Ezagutu UPV/EHUko Informatika Fakultatea
Fakultatea da erreferentziazko ikastegia informatikako eta adimen artifizialeko prestakuntza eta ezagutza teknikoa/zientifikoa jasotzeko.
Fakultatea da erreferentziazko ikastegia informatikako eta adimen artifizialeko prestakuntza eta ezagutza teknikoa/zientifikoa jasotzeko.
Lehenengo argitaratze data: 2025/03/21
Egilea: Elena Zotova Romanova
Izenburua: Muntilingual Information Extraction in Clinical Texts Using Deep Learning Approaches
Zuzendariak: German Rigau / Montserrat Cuadros
Eguna: 2025ko martxoaren 24an
Ordua: 11:00h
Lekua: Gipuzkoako Ingeniaritza Eskola (Donostia)
Abstract:
"Healthcare practice and biomedical research generate large volumes of digitised, unstructured data in multiple languages, which remain underutilised despite their potential to enhance healthcare delivery, support trainee education, and advance biomedical research. Transforming this data into structured, actionable information requires Natural Language Processing (NLP) techniques. Within NLP, this task is called Information Extraction (IE). This thesis is part of the growth area of biomedical NLP. It addresses key challenges in biomedical information extraction, focusing on entity recognition, entity linking and the interoperability of clinical terminologies. It makes three primary contributions: (i) the development of a method for clinical identifiers mapping and annotated data augmentation, (ii) the design and evaluation of biomedical entity linking systems with semantic textual similarity methods, and (iii) the exploration of generative approaches for biomedical entity linking. Throughout, state-of-the-art deep learning techniques are used.
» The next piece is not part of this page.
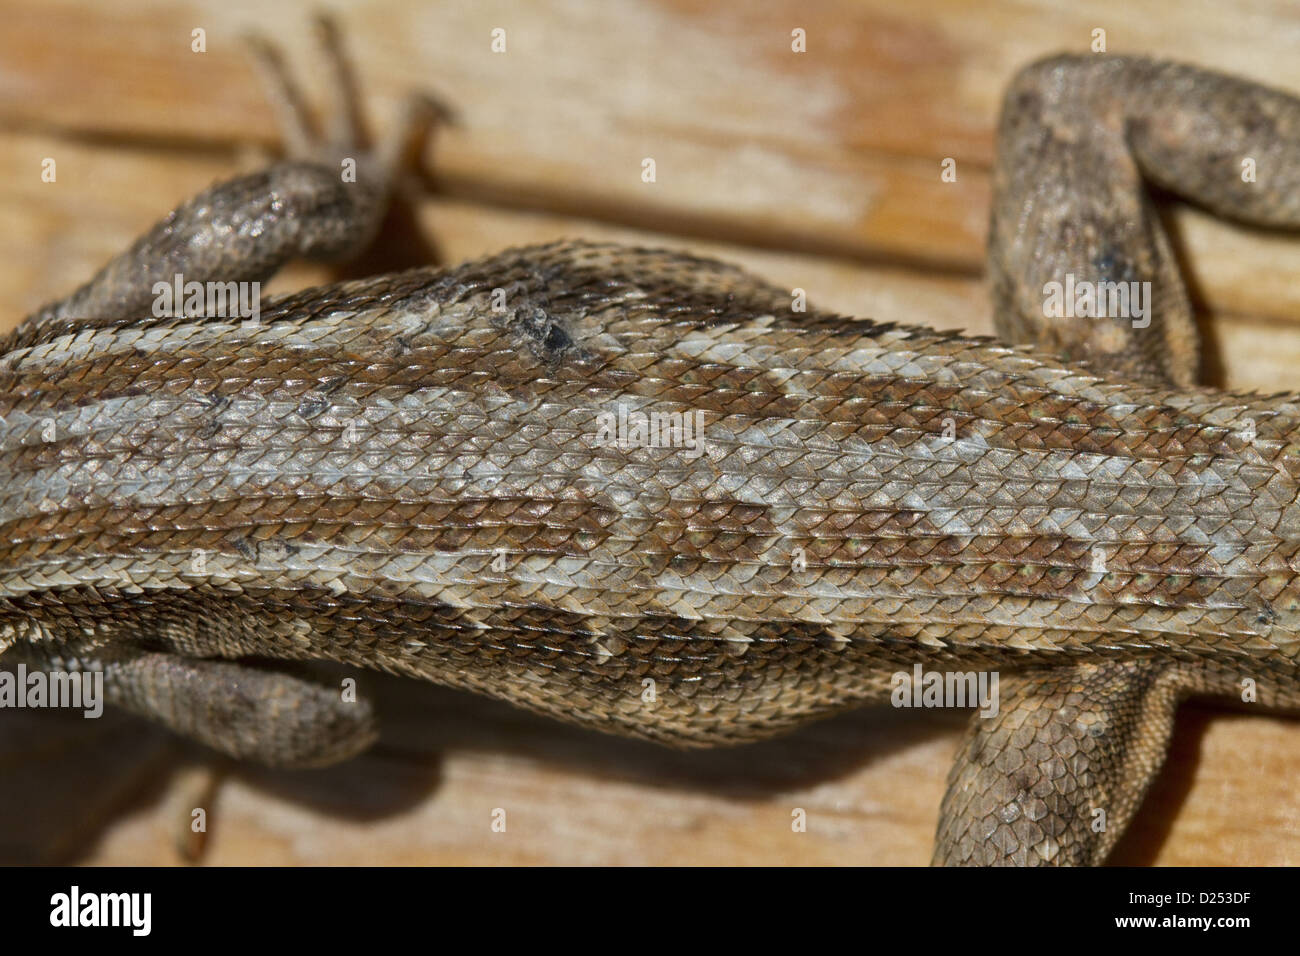 Sagebrush Lizard, male, Utah America Stock Photo

First, the thesis presents ClinIDMap, a prototype tool for clinical ID mapping which integrates multiple biomedical knowledge bases (e.g., ICD-10, SNOMED CT, UMLS) and connects them with general-purpose lexical resources (Wikidata and WordNet). The tool facilitates corpus annotation and data augmentation. Experiments demonstrate that corpus annotations transferred between terminologies retain high model performance, underscoring the method's utility for overcoming data scarcity. Second, the thesis explores methods for biomedical entity linking (BioEL) in non-English languages, particularly Spanish. By leveraging semantic textual similarity methods and supervised ranking via cross-encoders, the entity-linking models achieve higher performance compared to symbolic methods. The proposed methods are validated through participation in shared tasks, where the systems achieved top rankings. Third, the thesis studies the topic of generative models for biomedical entity linking, employing encoder-decoder and decoder-only architectures. These systems generate entity descriptions in knowledge bases, which makes linking them to the KBs a text-to-text problem. Experiments reveal that context incorporation and data augmentation improve models' capacity to generalise. However, challenges remain in handling unseen data and stabilising performance in zero-shot settings."